Из письма Рае (Миллер, в Париж — Н.Ч.).
…Очень мне интересно, как существует Кеша Пинко? Он мой старый товарищ, еще с дней юности, но мы с ним люди очень разных убеждении. Когда я уезжал из Парижа, он все меня пугал, что мне будет «очень скучно жить». Все зависит от человека, именно он сам и предопределяет свою судьбу. Я нашел свое счастье на родине, здесь моя жизнь приобрела реальный смысл, ведь ты знаешь, там я ее просидел на чемодане, как бы на вокзале в ожидании поезда. Поезда ждал долго, но, в конце концов, дождался — ты помнишь мои стихи:
Прошло у нас лет немалоПо чужим, дворам на постой.Может быть время, насталоСпешить на работу домой.
Сожалею об одном, что возвращение произошло слишком поздно (хотя вовремя!) — на ожидание ушло слишком много-бесплодных лет! Бесплодных ли? Вспомни другое мое стихотворение:
…Зашумели гнездом осинымЕвропейские города.Дотянулись повестью длиннойПоучительные года.

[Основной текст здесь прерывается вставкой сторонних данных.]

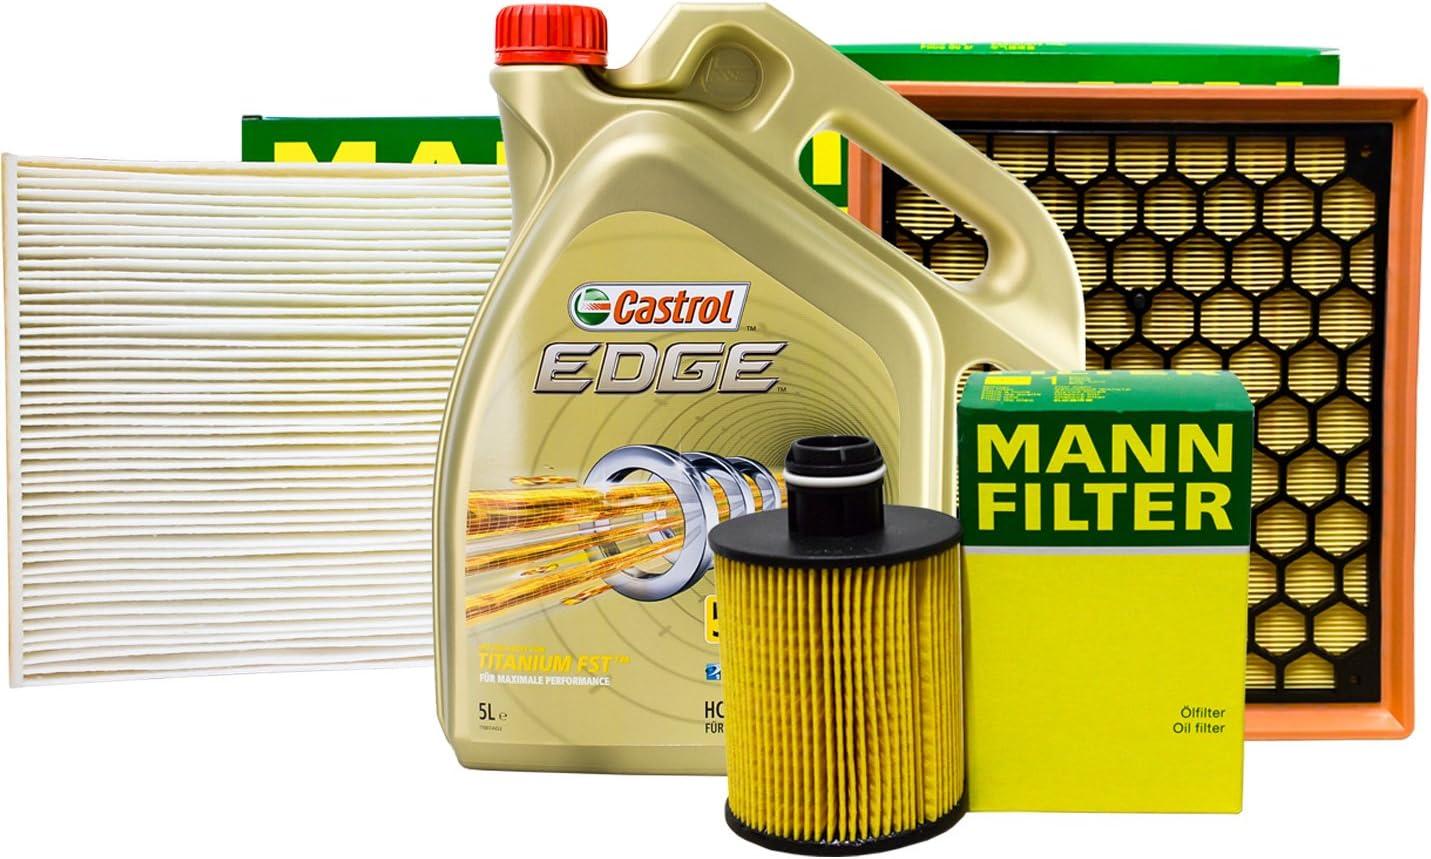 Mann Filter Set Inspektionspaket 5l Castrol 5w 30 Auto

Там я слишком много тратил сил, физических и моральных, для того, чтобы добывать средства к существованию, и только урывками, после бессмысленной работы, занимался Творчеством. Здесь моя жизнь — это моя работа, которую я люблю, которая мне нужна и которая, я знаю, полезна и нужна нашей науке, а следовательно, обществу. А вот Кеша Пинко предпочитает судьбу парижского таксиста. Я часто думаю о тебе, Рая, и теперь я совершенно не знаю, что тебе лучше. Ведь, в общем, все мы осколки старого мира и это большое счастье, но весьма не легкое, найти свое место в мире новом. Я его, повторяю, нашел. Нашел, потому что упорно искал. Возвращение на родину — было одержимостью. И еще, это было совершенно логическое завершение всего моего пути, моих исканий, эволюции моего сознания, (…) порой через мучительные сомнения, но развивавшейся самостоятельно, без всяких посторонних влияний, как плод жизненного опыта, наблюдений, раздумий. Путь, начатый на школьной скамье с восторженного приятия Февральской революции, и полного непонимания и отрицания революции Октябрьской. Октябрь был воспринят, как гибель и развал России, как крушение великих принципов демократии, «братского союза и свободы», как бунт черни, все это привело к Добровольческой Армии и отсюда и началось отрезвление, ибо белое движение обернулось самой черной Вандеей. Открылись глаза.